What Is Big-Data ?
Big-Data is one of the emerging concepts of this era. The term “Big-Data”describes large volume of data that can be structured, semi-structured and unstructured.
In other words, we can say that it is used for the collection of data sets that are so large and complex that that it is difficult to process using traditional applications and tools.
The features of Big-Data can be explained using 3V’s- Volume, Variety and Velocity.
Volume: Companies collect data from variety of sources like including social media, business transactions, information from sensor and machine-to-machine data.
Variety: The flow of data is very fast and must be dealt with in a timely manner.
Velocity: Data comprises of variety of formats text, numeric, audio, video, email, picture etc.
Also, there are 2 additional dimensions:
Variability: Variability means that the flow of data is highly inconsistent with periodic peaks. These event-triggered peak data loads can be very challenging to handle and that too when the data is unstructured.
Complexity: Data comes from multiple sources which are very difficult to link, match, cleanse and transform.
Tools used to Analyse Big-Data
Storing and Analysing It can be a challenging job due to its complexity. Given below are top tools which are used to store and analyse It.
Apache Hadoop is one of the most widely used tool for Big-Data. It is a java based free software framework that can effectively store large amount of data in a cluster. HDFS i.e. Hadoop Distributed File System is the storage system of Hadoop which splits it and distribute across many nodes in a cluster. It also has the capability to replicate data and thus ensures the availability of data.
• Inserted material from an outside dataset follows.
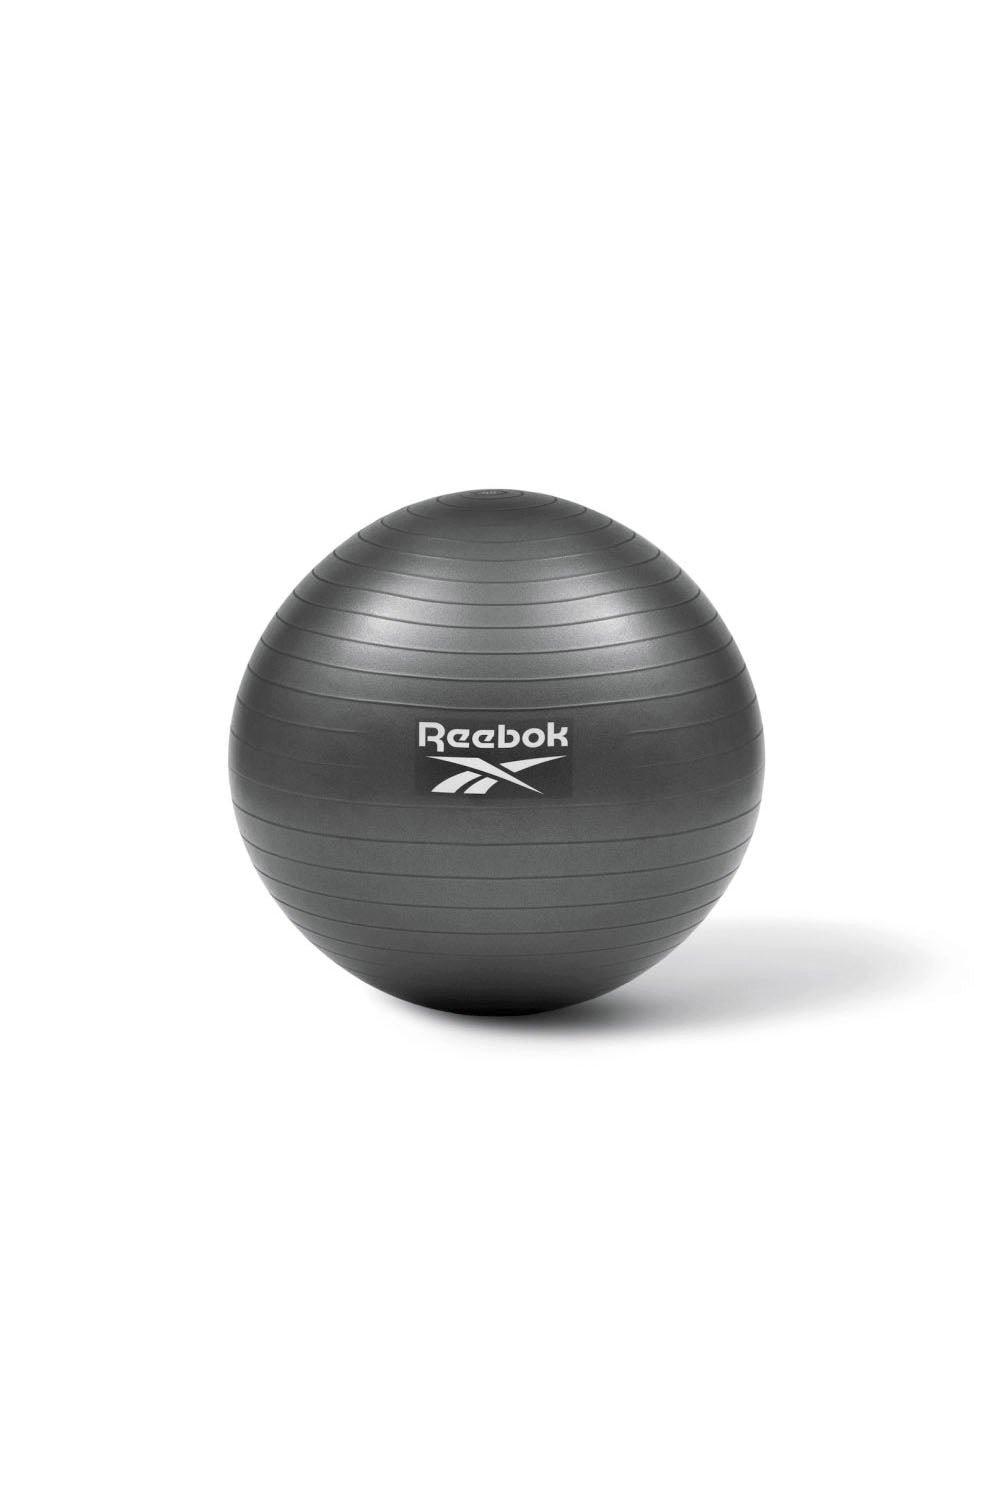 Reebok 75cm Gym Ball|dark grey

We all know that SQL proves to be very effective when it comes to handle structured data. But what about unstructured data? For that, we can use NoSQL i.e. Not Only SQL. This has the capability to store the unstructured data with no particular schema. Each row can have its own set of column values.
Microsoft HDInsight in a Microsoft solution for Big-Data and it is powered by Apache Hadoop. It is available as a service in the cloud. It uses Windows Azure Blob storage as the Default File System. It also ensures High availability with low cost.
Hive is a distributed database management for Hadoop. It supports SQL like query option HiveSQL (HSQL) to access it. This can be used for data mining operations. Also, Hive runs on the top of Hadoop.
PolyBase works on the top of SQL Server 2012 Parallel Data Warehouse (PDW) and it is used to access the data stored in PDW. It is a data warehousing appliance built for processing large volume of relational data and provides integration with Hadoop allowing us to access the non-relational data as well.
It is one of the most popular tools of Microsoft which can be used to connect data stored in Hadoop using Excel 2013. Power View feature of EXCEL 2013 can be used to easily summarise the data.